I was honestly grateful that there was no energy left in me to focus on my personal life…but I was in WAY OVER MY HEAD. 

11-12 hour days, some longer… 5-6 days a week for a long time. Non-stop lines of people needing food, bare-minimum staff and volunteers, new processes and rules. My face and neck broke out all over. Stress had burned my face. My skin is one of the few things that I really like…so this was it for me. I broke down. Until this moment, even though God was providing me the strength…I didn’t see how I was going to keep going. I cried on my moms shoulder in church… and she held me and we prayed. 

SN: God will always come to renew your strength. Every single time I come to the end of my rope, he gives me what I need. 

I pressed, and what seemed to be a state of emergency became the norm. Months had gone by and although still urgent, around June the routine had become solidified. A few months later, I begin to feel a heavy unction that it was time for school. 

Around August 2020, I began thinking about what school?, what degree? I started the conversation with people about what I should study. I knew I loved my job and I was interested in service. All of the advice led me towards Public Health. I applied to the Online MPH program at George Washington University. I was so excited. I was finally moving in faith in Gods will! 

I was admitted in October! I was extremely excited! I was given a small scholarship, but God said he would pay so I was not worried. I begin taking classes while still working full-time. I LOVED the classes! My professors, everything was wonderful.

Shortly after my classes began, I was approached by my Auntie. She said Monica, I had a dream about you.
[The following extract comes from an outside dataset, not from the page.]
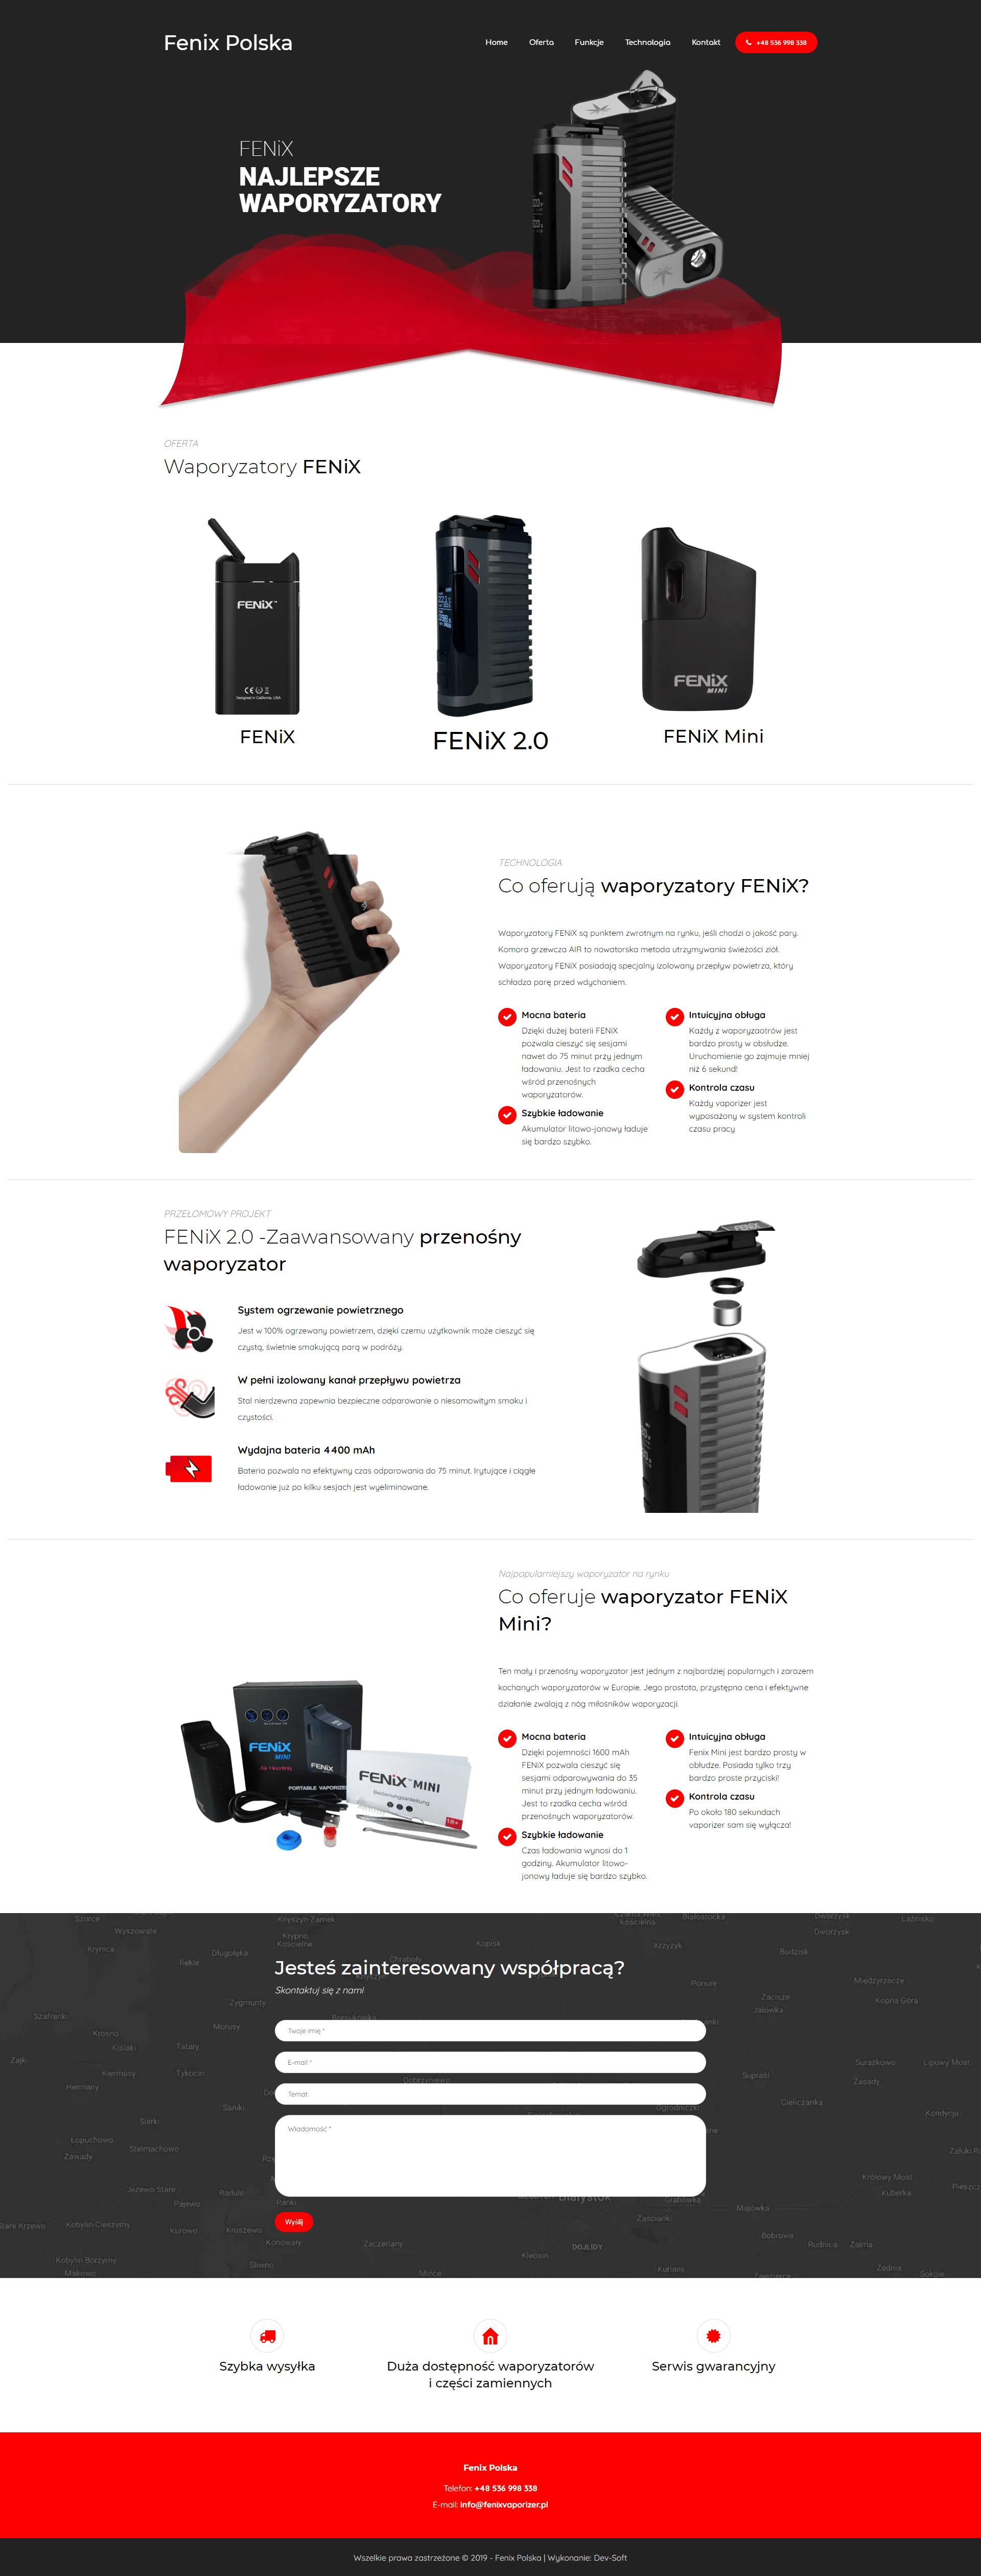 fenix-polska-homepage

She begin to go into the dream and its interpretation. “Monica, I believe you were facing the wrong way because you are in the wrong program…pray and seek God to see what he says”. 

OHMMMYYYGOOOOSSSHH I done started school in THE WRONG program! I was like HOW AM I GOING TO FIX THIS. She said Monica, when we seek God and ask him to order our steps, he opens doors and moves in ways we could not imagine. You are His, and he will guide you. (NOW YOU KNOW I WAS NOT HEARING THAT!) I was traumatized. I thought I had made a mess. But truly, His Order is unfathomable. 
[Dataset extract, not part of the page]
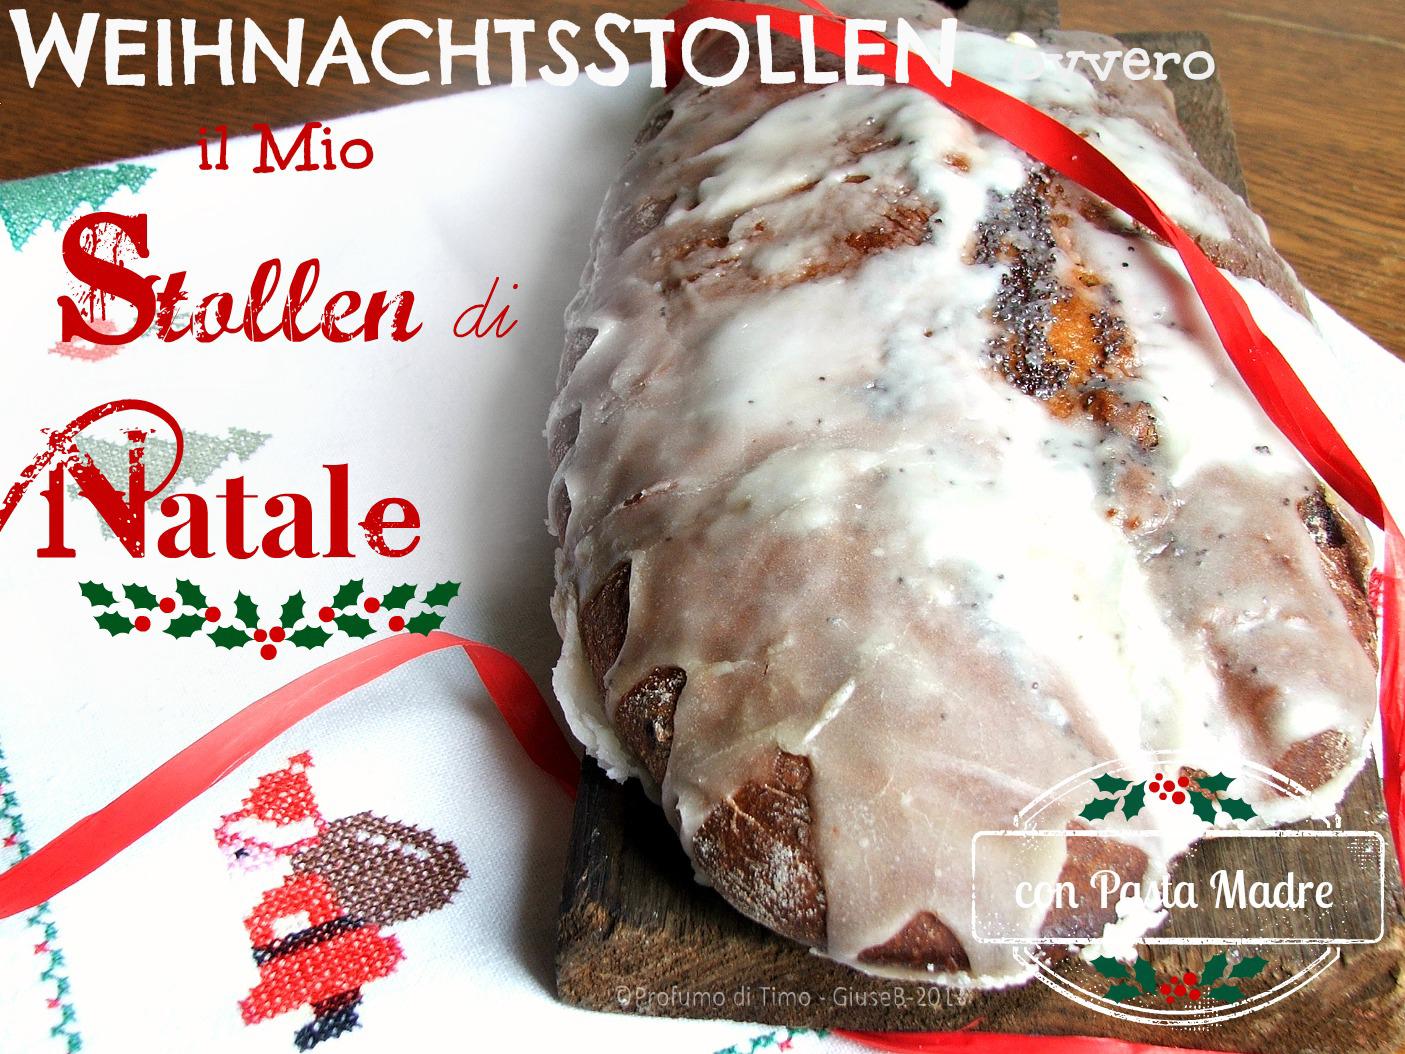 WeihnachtsStollen con Pasta Madre ovvero il mio STOLLEN di NATALE

Psalms 37:23 “The steps of a good man are ordered by the Lord: and he delighteth in his way.”

Remember that mans wisdom is not the wisdom of God, and mans advice can lead you astray (even when it’s good intentioned). 

1 Corinthians 1:25 “Because the foolishness of God is wiser than men; and the weakness of God is stronger than men.”

We (Gods children) operate differently from the world. We don’t think carnally, so we must seek God FIRST, in all of our ways. 

Romans 8:6 “For to be carnally minded is death; but to be spiritually minded is life and peace.”

Proverbs 3: 5-6 “Trust in the LORD with all thine heart; and lean not unto thine own understanding. In all thy ways acknowledge him, and he shall direct thy paths.”